Such acts shall include, without limitation, performing a comprehensive review
and assessment of all of Borrower's systems and adopting a detailed plan, with
an itemized budget, for the remediation, monitoring and testing of such systems.
If requested by Bank, Borrower shall within ten (10) business days deliver a
statement to Bank summarizing the Year 2000 exposure, program or progress of
Borrower and its Subsidiaries or other evidence of Borrower's compliance with
the terms of this Section 9.0. certified by an officer of Borrower.
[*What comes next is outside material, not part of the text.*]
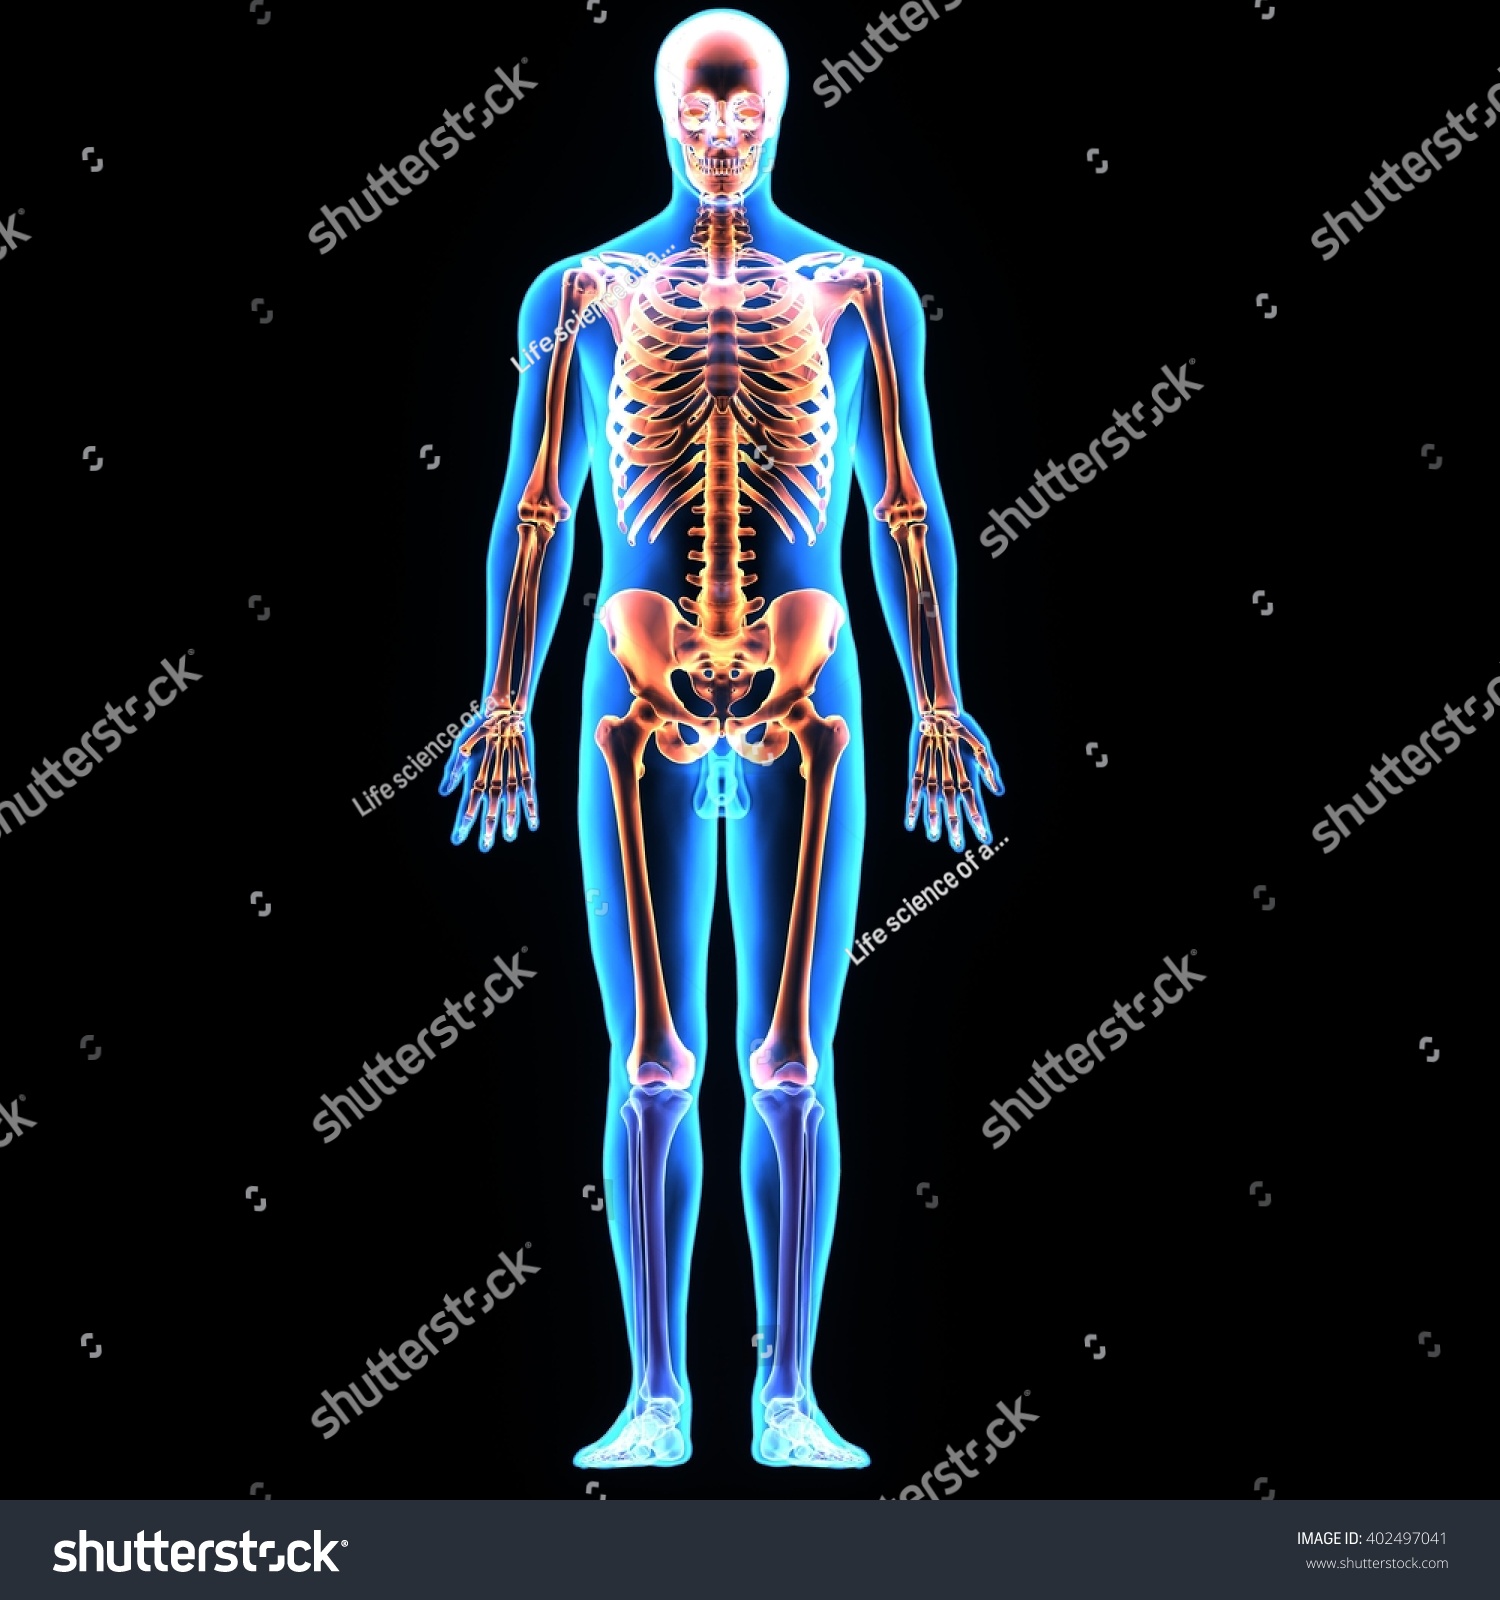 Human Anatomybones And Organs

     10.  Financial Covenants and Information. All financial covenants and
financial information referenced herein shall be interpreted and prepared in
accordance with GAAP as used in the United States of America applied on a basis
consistent with previous years for the operations of Borrower, excluding its
Subsidiaries. Compliance with the financial covenants shall be calculated and
monitored on a monthly basis, except as shall be expressly stated to the
contrary. Borrower affirmatively covenants that so long as any loans,
obligations or liabilities remain outstanding or unpaid to Bank or any
commitment is outstanding hereunder, it will, on a consolidating basis using
Identix, Identix Australia Pty Limited (Fingerscan), and Biometric Applications
and Technology, Inc. (BA&T) operations only, excluding all other subsidiaries:

           A.  At all times, maintain a Minimum Tangible Net Worth of not less
than (1) $11,000,000.00 through the month ending May 31, 1999 and
(2)$12,000,000.00 beginning with the month ending June 30, 1999. As used herein,
"Tangible Net Worth" shall mean the sum of all assets, excluding any value for
goodwill, Trademarks, Patents, Copyrights, organization expense, investments in
its Subsidiaries, in-process technology, Accounts due from its Subsidiaries
(excluding Accounts due from sale of any product of Borrower to ANADAC in the
ordinary and normal course of its business as now conducted which are less than
90 days from the applicable invoice date) and other similar intangible items,
less all liabilities, plus Subordinated Debt;

                                      7.
<PAGE>

           B.  At all times maintain a Maximum Ratio of Total Liabilities to
Tangible Net Worth not to exceed 1.25 to 1.00. As used herein "Total
Liabilities" means all liabilities, excluding Subordinated Debt and deferred
revenues;

           C.  At all times maintain a Minimum Quick Ratio of not less than 1.00
to 1.00. As used herein "Quick Ratio" means the sum of all cash plus Accounts
(excluding Accounts due from its Subsidiaries, but including Accounts due from
sale of any product of Borrower to ANADAC in the ordinary and normal course of
its business as now conducted which are less than 90 days from the applicable
invoice date) divided by current liabilities less deferred revenue;

           D.  Measured on a quarterly basis on the last day of each fiscal
quarter, have an operating after-tax profitability of at least $1.00;

          E.   As soon as it is available, but not later than twenty-five (25)
days after and as of the end of each month, deliver to Bank an internally-
prepared consolidated and consolidating financial statement consisting of a
balance sheet and profit and loss statement, in form satisfactory to Bank, and a
Compliance Certificate in the form of Exhibit B attached hereto and incorporated
herein by this reference, certified by an officer of Borrower;

          F.   As soon as it is available, but not later than forty-five (45)
days after and as of the end of each of the first three fiscal quarters of each
fiscal year of Borrower, a copy of its quarterly 10-Q report for each such
quarter, as filed with the Securities Exchange Commission.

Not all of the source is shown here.